J'ai vécu dans ce pays quelques années et j'ai très bien connu ce qu'il était. Ils la nomment la « Venezuela Saoudienne » pour le pétrole.

Il y avait deux millions d'enfants qui ne pouvaient pas aller à l'école parce qu'ils n'avaient pas de papiers d'identité. Et puis un gouvernement est arrivé, ce gouvernement diabolique, démoniaque, qui fait des choses élémentaires, comme dire « Les enfants doivent être acceptés à l'école avec ou sans papiers ». Et là, le monde s'est écroulé : c'est une preuve de ce que Chavez est un méchant méchantissime.

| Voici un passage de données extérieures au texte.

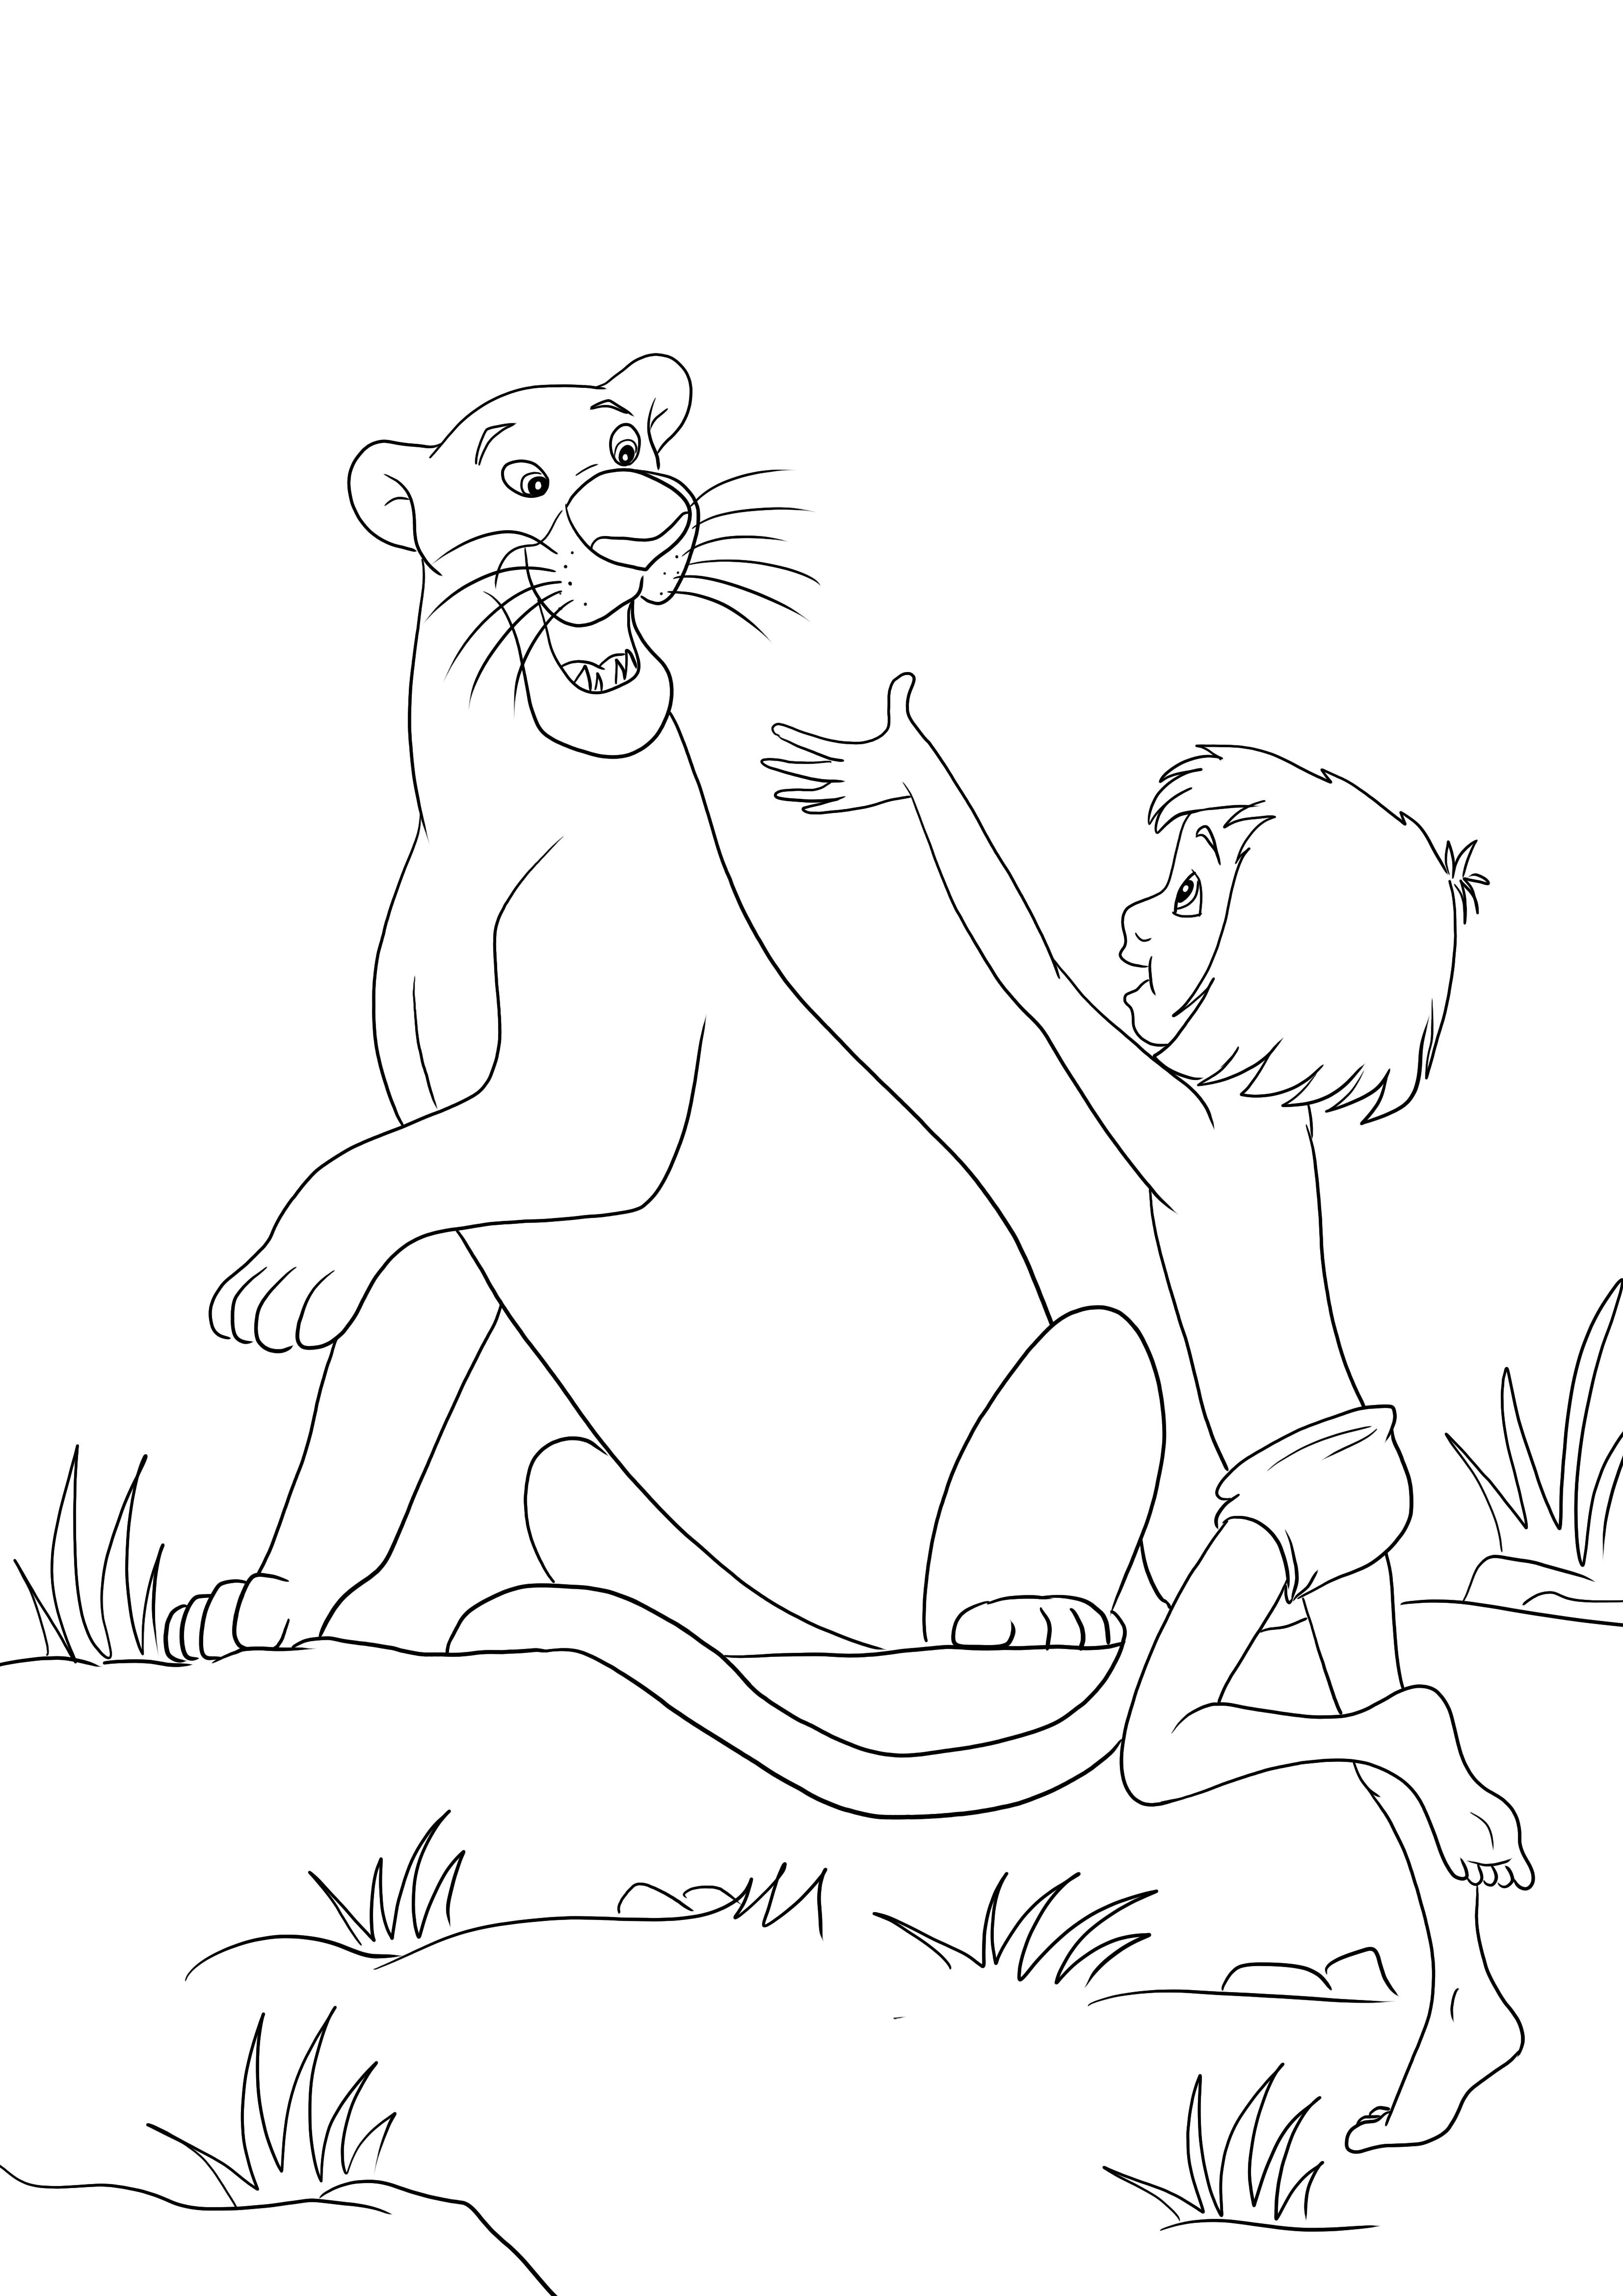 Mowgli e Bagheera estão felizes juntos - imagem gratuita para colorir e baixar

Puisqu'il a cette richesse, grâce au fait, qu'à cause de guerre d'Irak, le prix le pétrole est monté très haut, il veut profiter de cela à des fins solidaires.

Il veut aider les pays sud-américains, principalement Cuba. Cuba envoie des médecins, lui paie en pétrole. Mais ces médecins ont aussi été sources de scandales. On dit que les médecins vénézuéliens étaient furieux par la présence de ces intrus travaillant dans les quartiers pauvres.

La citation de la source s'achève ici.